I'm with you in that maybe a modular license would be perfect, as
long as the modules are few and more or less orthogonal, so they can
be defended in court if the need arises. But I'm not with you in that
a simpler and more understandable license would help. You don't have
to fully understand the license. I don't have to understand it,
either. A judge must understand it. Obviously, the better you and me
understand the license, the better choice we will be making, but
that's a matter of re-reading the license, consult lawyers, taking
advice, etc. Myself, I wouldn't rely on a license I can understand at
first reading XD
> The problem with subjective clauses is that it makes the license
> (and the combination of other licenses) more complex... and that is
> counter-productive (license's incompatibility). Software licenses
> has enough oddities to deal with because of it's nature (a plain
> "pixel matrix" is easier to understand... it can be explained to
> anyone without using technical terms) and adding such subjective
> clauses and discussion is IMO self-defeating.

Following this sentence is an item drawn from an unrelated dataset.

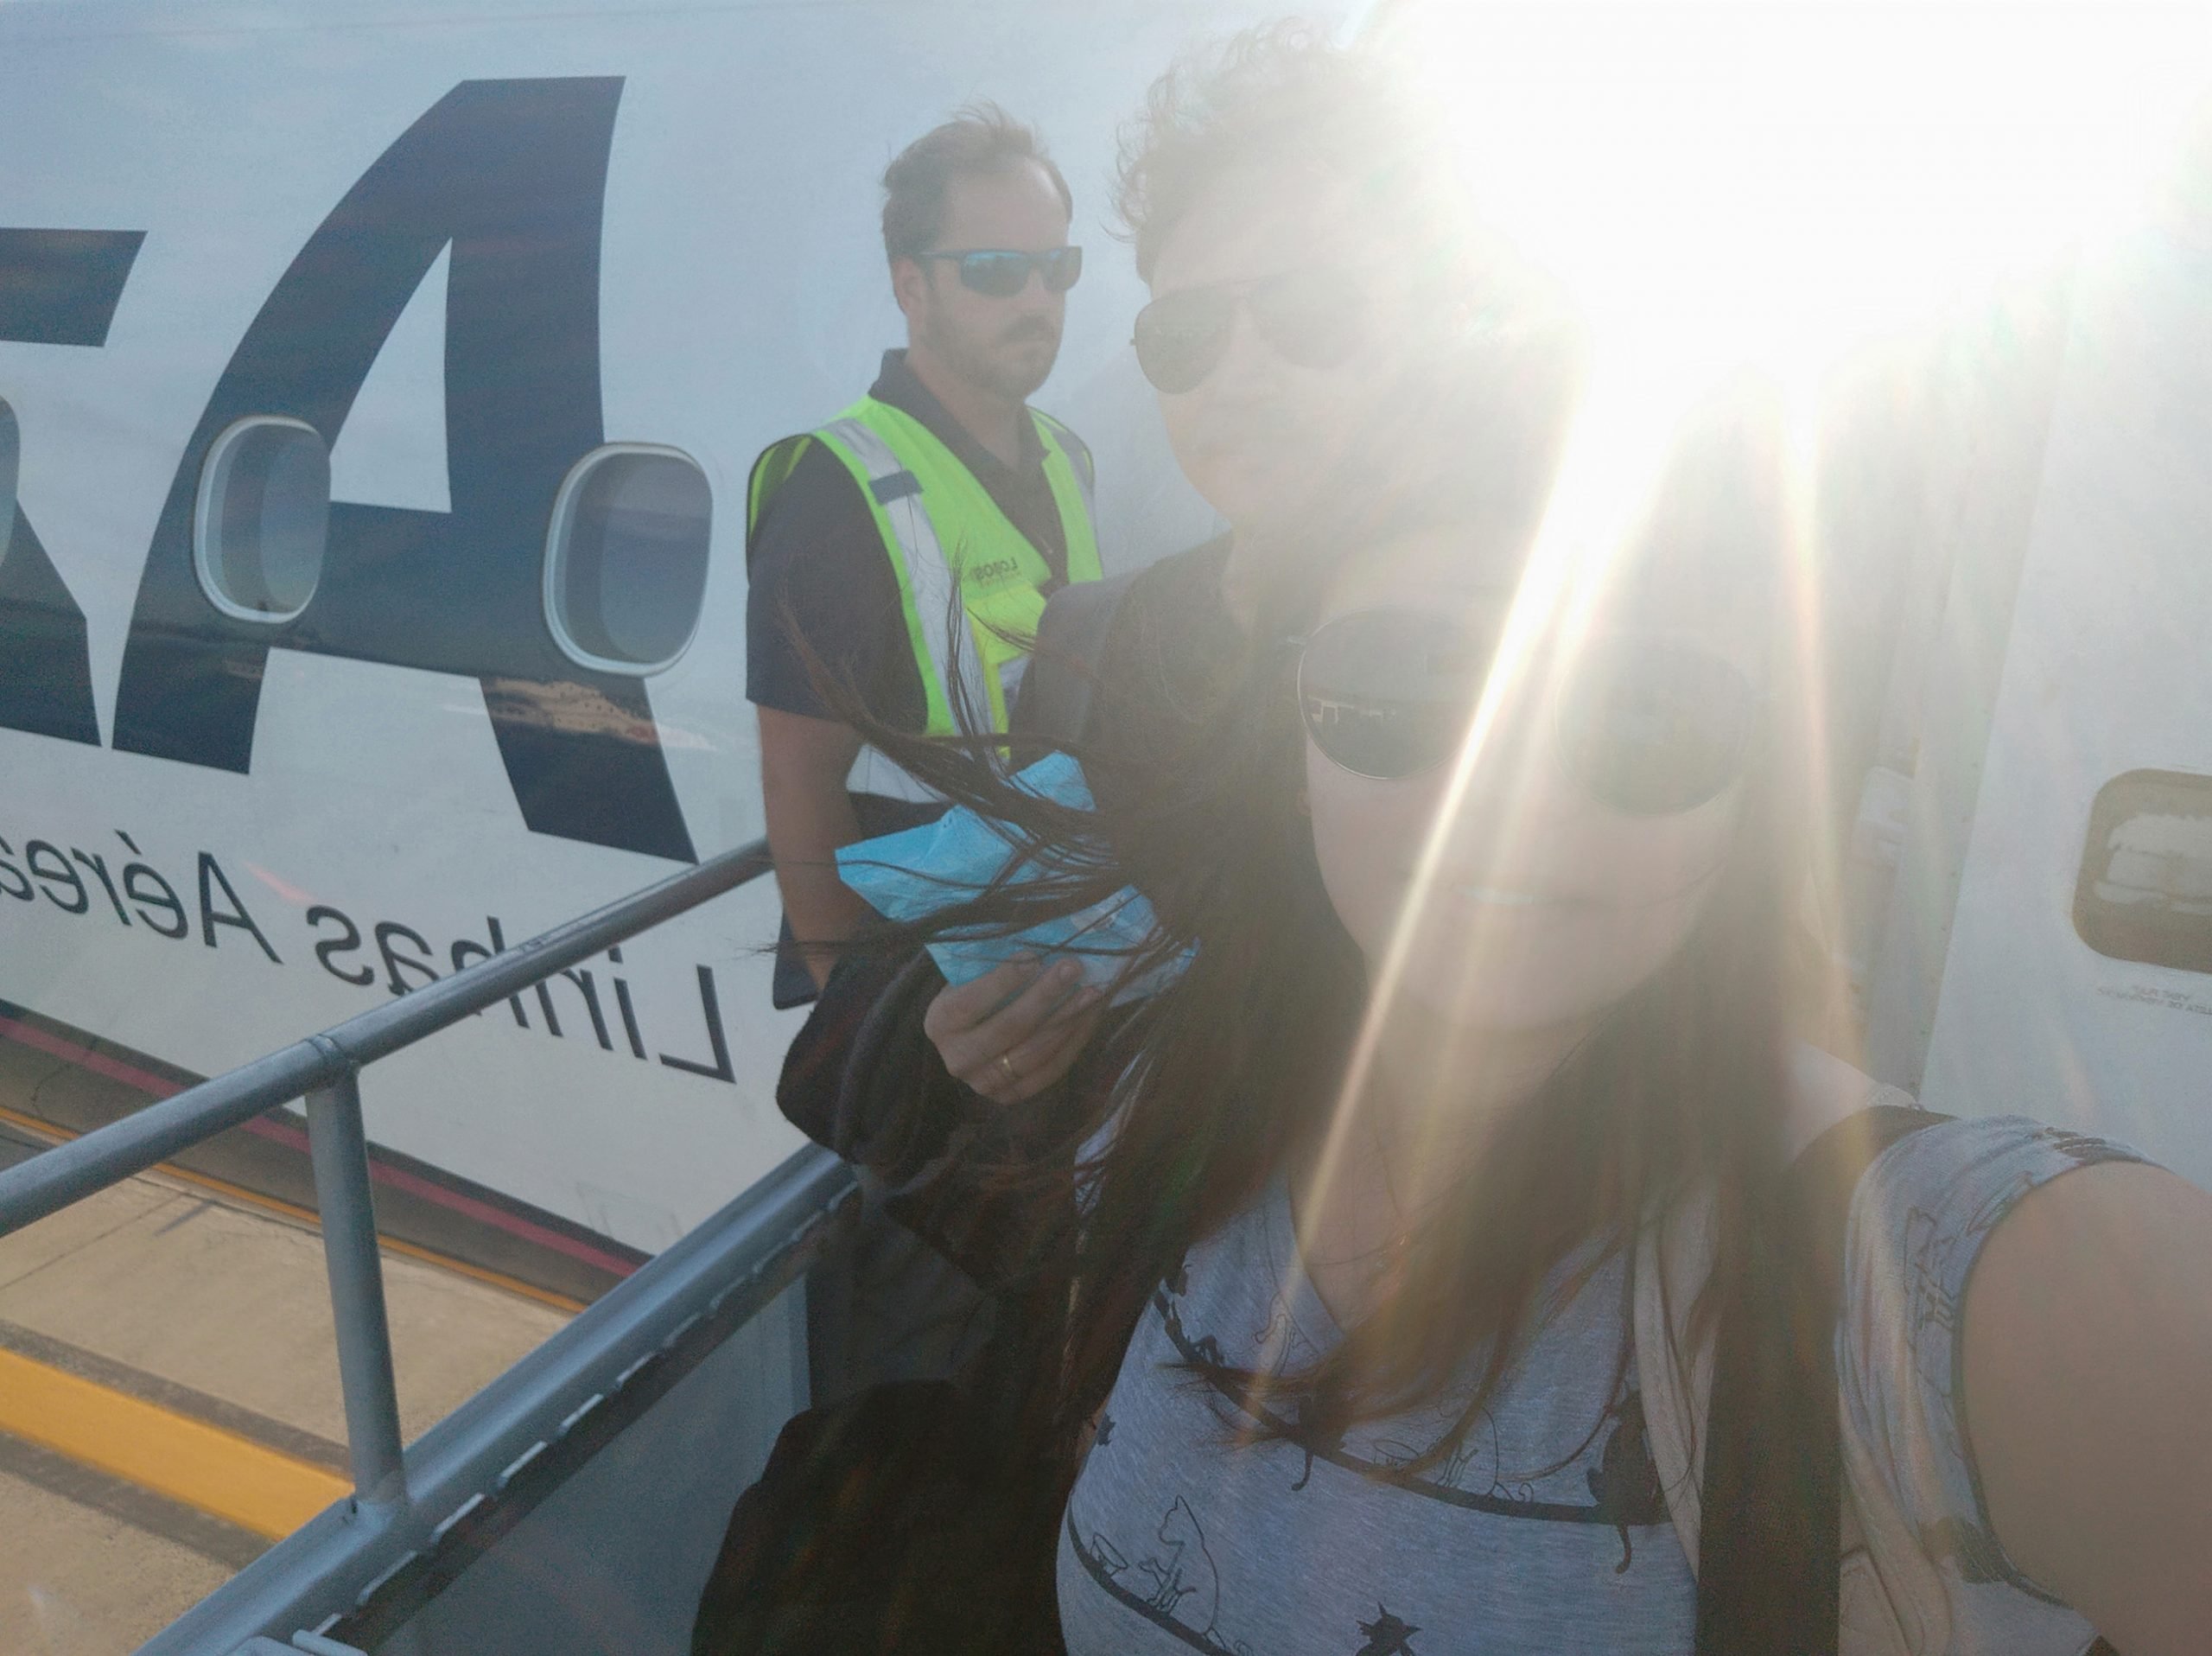 vôo de Foz do Iguaçu para o Rio de Janeiro

You're probably right, I don't know. I think that the entire
GPLv3 issue is very important, and I don't like a license with an
agenda, but I must confess that I haven't read the GPLv3 latest draft
enought times to fully understand it or its consequences. In fact,
I've relicensed my software to GPLv2-only until I fully understand
the new license. I've considered relicensing to CC, but when I tried
I didn't find any subset of rights that achieve what I wanted, and
GPLv2 fulfilled my needs. Moreover, I understand GPLv2 (or at least,
I think I understand enough of it to have made the more sensible
decision for my software) and its consequences, while I'm not sure
about the consequences of adopting a CC license. Maybe in the
future...
BTW, if you want feel free to write me privately if you want to
continue speaking about this issue and you find more comfy to do it
in Spanish ;)
Raúl Núñez de Arenas Coronado
--
Linux Registered User 88736 | http://www.dervishd.net
It's my PC and I'll cry if I want to... RAmen!